[TASK INPUTS]
----------
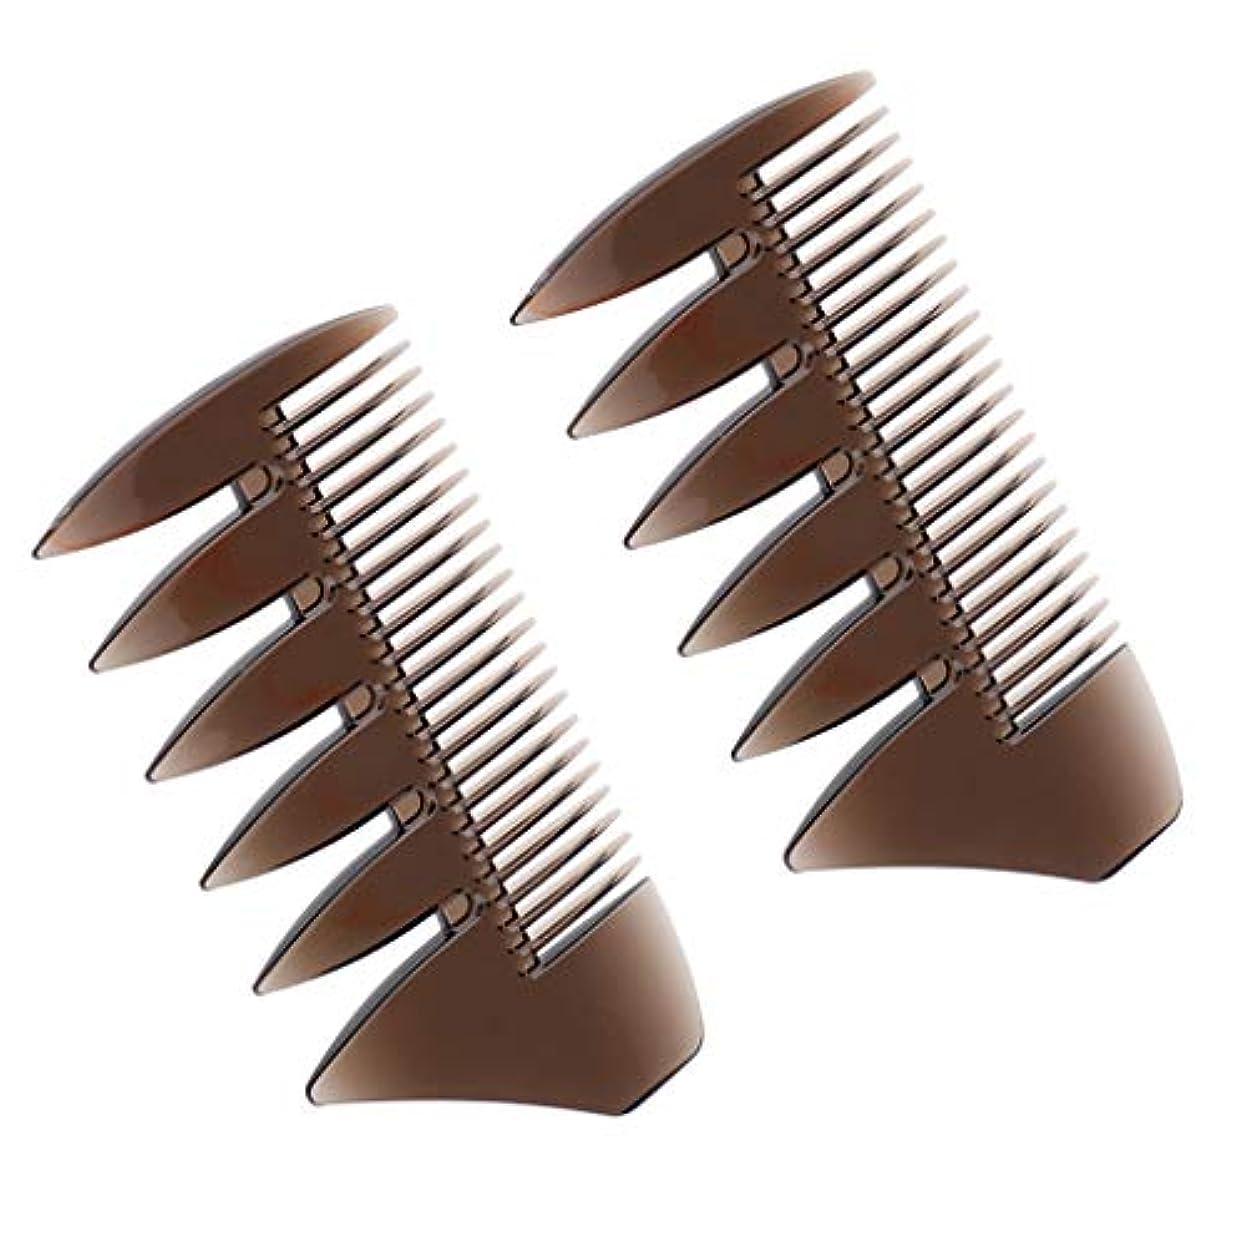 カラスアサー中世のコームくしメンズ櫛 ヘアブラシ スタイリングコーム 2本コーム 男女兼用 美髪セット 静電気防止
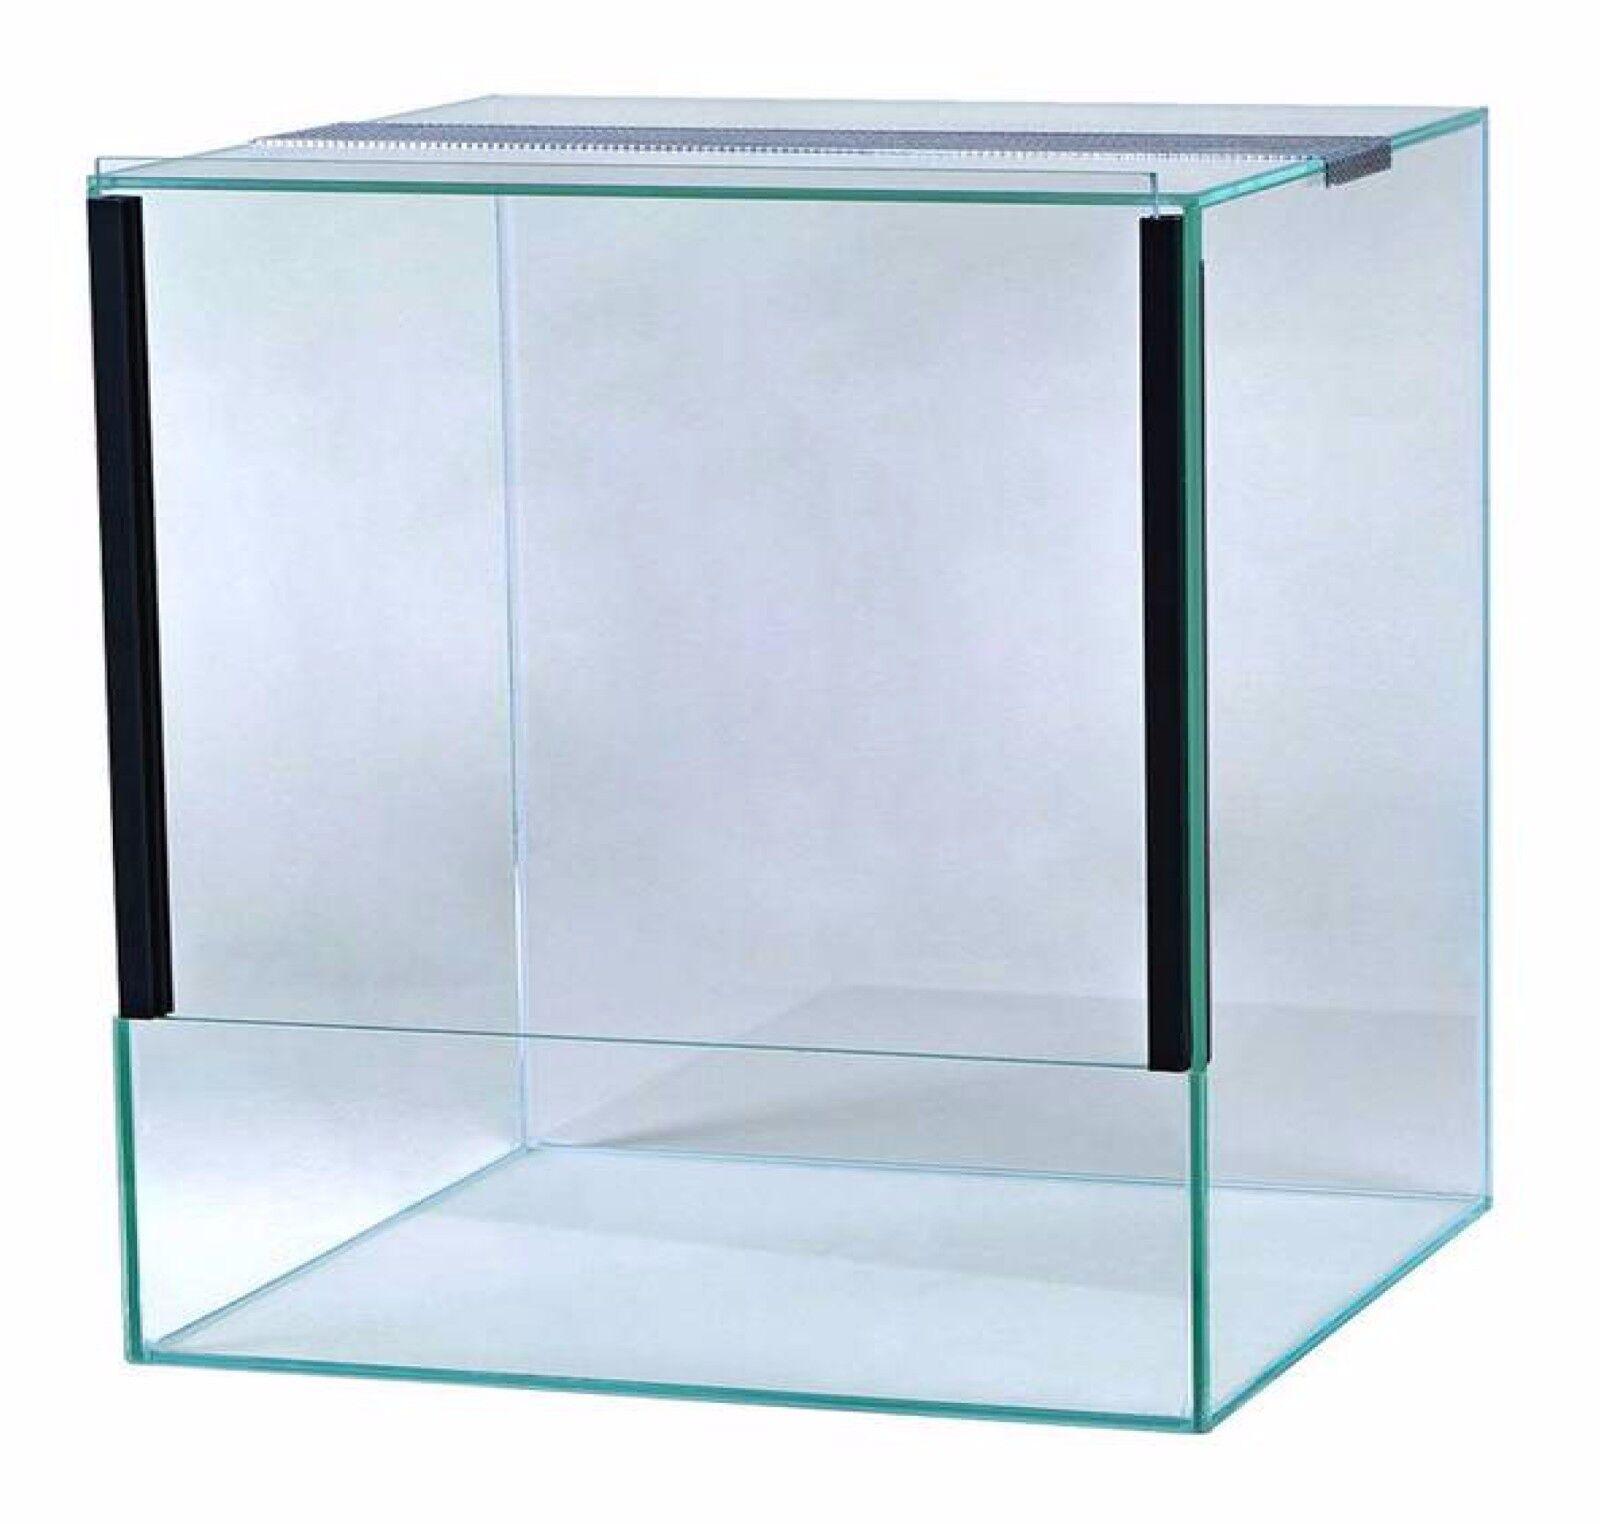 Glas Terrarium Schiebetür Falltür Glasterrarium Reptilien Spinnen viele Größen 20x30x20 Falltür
----------
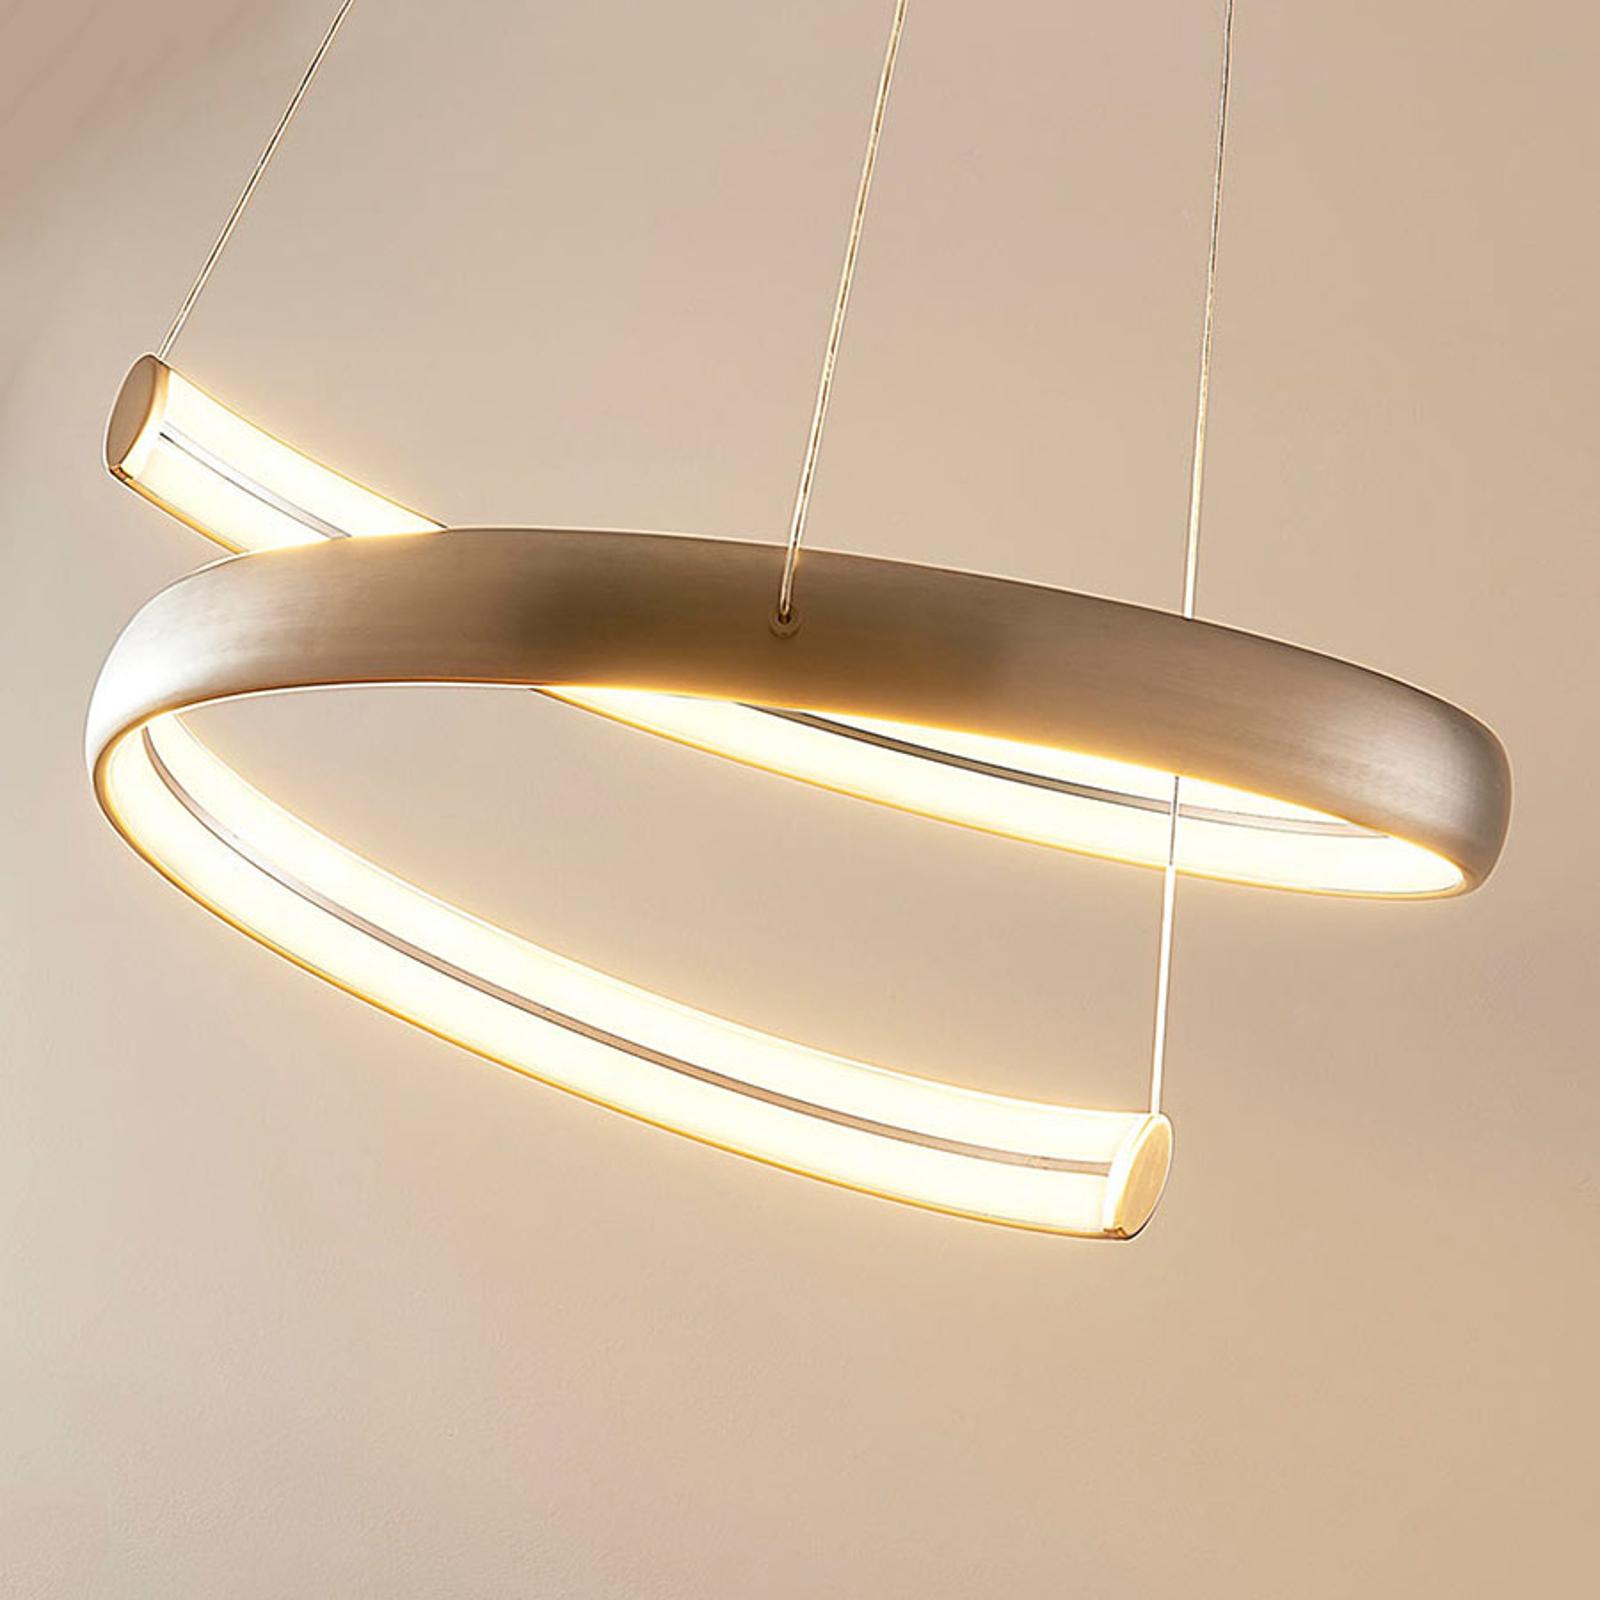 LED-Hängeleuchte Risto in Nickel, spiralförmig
----------
[EXERCISE INSTRUCTIONS]
Taking the entries above, copy word for word the lines from the one with "カラスアサー中世のコームくしメンズ櫛 ヘアブラシ スタイリングコーム" up to and including the one with "Glas Terrarium Schiebetür", without any picture.

[EXERCISE SOLUTION]
 カラスアサー中世のコームくしメンズ櫛 ヘアブラシ スタイリングコーム 2本コーム 男女兼用 美髪セット 静電気防止
 Glas Terrarium Schiebetür Falltür Glasterrarium Reptilien Spinnen viele Größen 20x30x20 Falltür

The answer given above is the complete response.